Unintended
by Ev.time.writer
Summary: After her mom was killed by her father and her uncle was murerd Lea was left alone and decides to start her life in England.She is conflicted between good and evil,but Ciel can relate.Fanfiction of:Beautiful Creatures and Kuroshitsuji
1. Chapter 1

Unintended

_Chapter 1_

The image replayed over and over in my head when I went to sleep. My nightmare was playing itself again and again trying to stain my thoughts. I can no longer cry over it. I choose to remember, choose to not forget. My hate is something I try to avoid. I know it won't change anything because there is no point in trying to go against thee inevitable. She's gone forever up into the sky; one of the people I thought would never leave my side. No matter how hard I try I can't free myself from that horrible night. The night my mother's life was taken.

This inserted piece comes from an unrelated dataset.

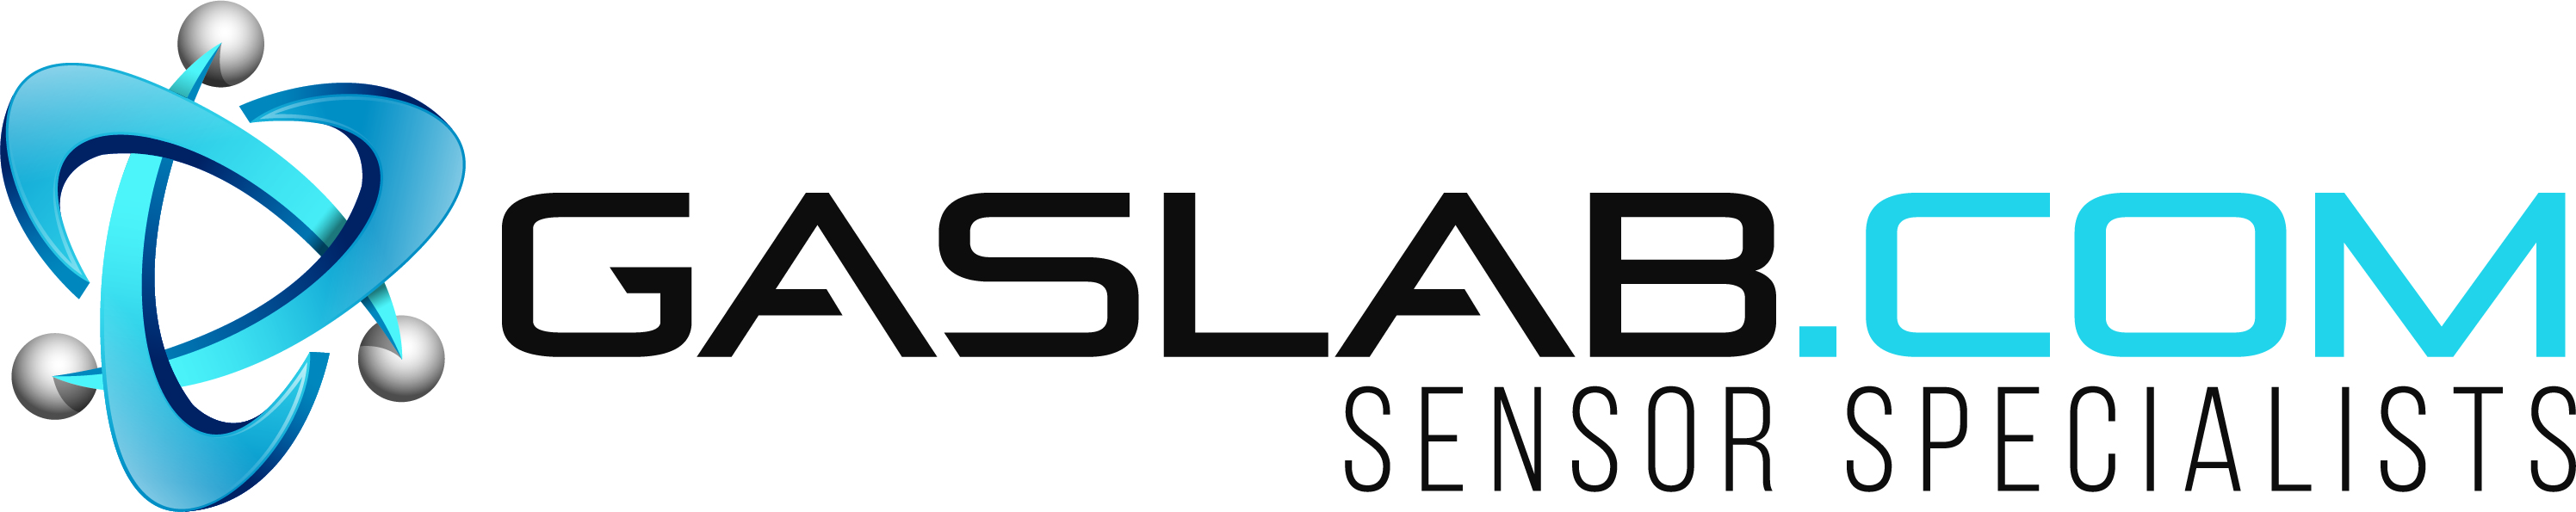 Gaslab Sensor Specialists

The maid knocked on my bedroom door, but I refused to see anyone. I wanted to escape, leave, and go somewhere, anywhere but here. This place was now cursed with the forever sent of death. I heard the knock again and sank deeper into my sheets, as if I could sink and avoid all of this pain.

With no formal invite she walked in. "Mistress? It's time for you to get ready."

I didn't move a muscle. I stared at my wall as if it were the only thing there, the only thing that was real in this miserable world. After just standing there for about five minutes between the running silence, she finally left. I sat up from my bed and headed to the bathroom to bathe. I had made it very clear that I didn't want anyone's help getting ready. I sat in the tub waiting, for a sign of life anywhere but got nothing but silence. This intolerable silence that I've grown to need. I wrapped myself in my towel and made my way to my dresser. As always I forgot to lay out my close before I bathed and ended up having to do it while I was still dripping wet.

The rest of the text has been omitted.